Implementation vom Flower Projekt für die Data Science 1 Veranstaltung.
This code is traning two models to classify an image into one of the following groups:
- daisy
- dandelion
- rose
- sunflower
- tulip
To run this code you need to download the images from the following Datasets:
- https://www.kaggle.com/mgornergoogle/five-flowers
- https://www.kaggle.com/ianmoone0617/flower-goggle-tpu-classification
and put them into the folder data/data1
(five-flowers) and data/data2
.
Important: The folder structure must appear as follows:
data/
[data1, data2]flowers/
Otherwise you will not be able to re-run the code.
It is recommended to run the code in a virtual environment (e.g. virtualenv
). requirements.txt
contains all the needed Python libraries.
Alternatively, it is already done in the docker container ody55eus/flowers
.
The following preprocessing steps are performed by data_preparation.py
:
- Copy both datasets together .
- Delete all pictures that are not fitting into one of the given 5 groups.
- Identify and delete duplicate images.
- Split the dataset into train (80%) and test (20%) data.

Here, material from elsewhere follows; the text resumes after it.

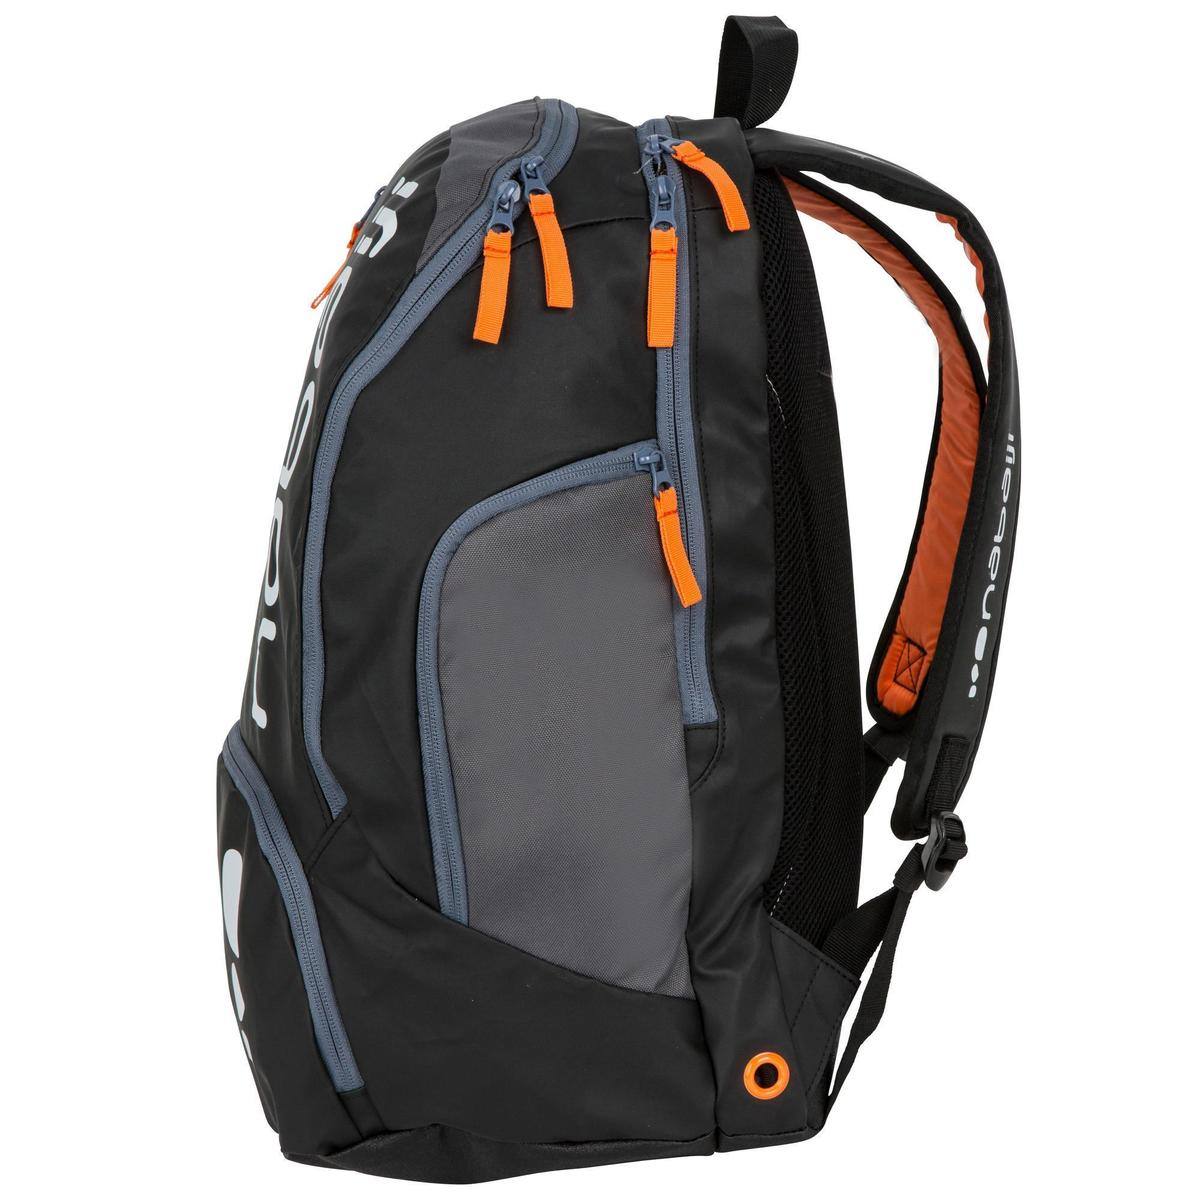 Bild 4 von Schwimmrucksack 34 L schwarz/orange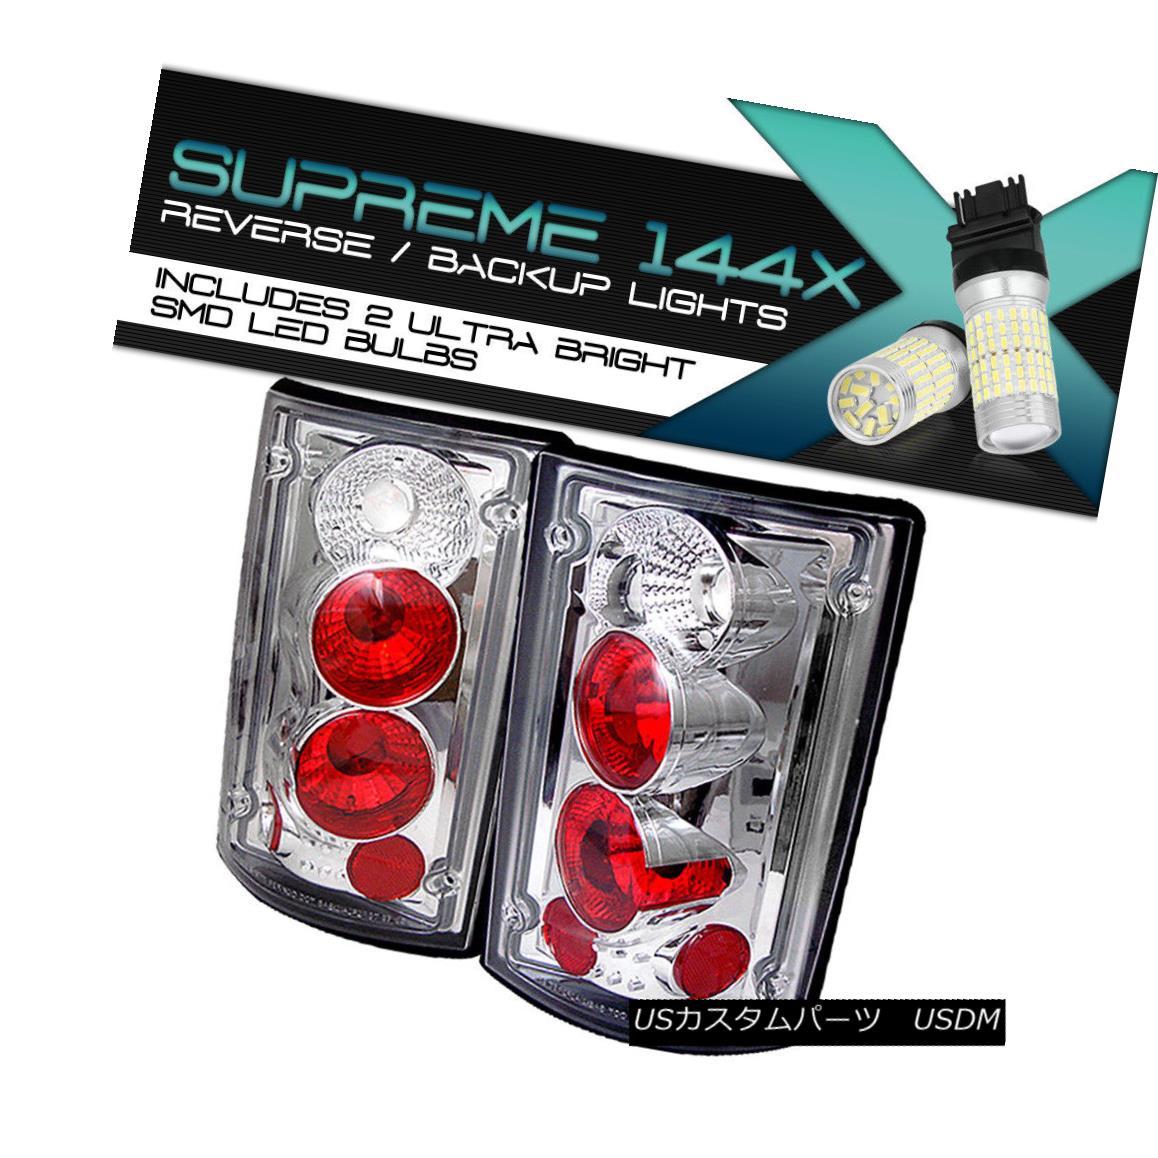 テールライト !360 DEGREE SMD BACKUP! 00-06 Ford Excursion 95-06 Econoline Tail Light L+R Pair 360°SMDバックアップ! 00-06フォードエクスカーション95-06エコノリンテールライトL + Rペア

The convolutional neural network (CNN) training can be reconstructed with the file cnn_training.py
Before training the CNN the training data are split again into train (80%) and validation (20%) data (this is performed by cnn_training.py
or cnn_split_test_val.py
).
If you choose a higher number of epochs
, you can probably improve the result.
The training was processed with Google Colab to take advantage of the fast computation with GPU.
The Evaluation of the CNN models can be reproduced by running cnn_evaluation.py
.
The support vector machines training and evaluation can be reproduced by svm.ipynb
The report and presentation can be found on GitLab.
The code is released under the MIT license.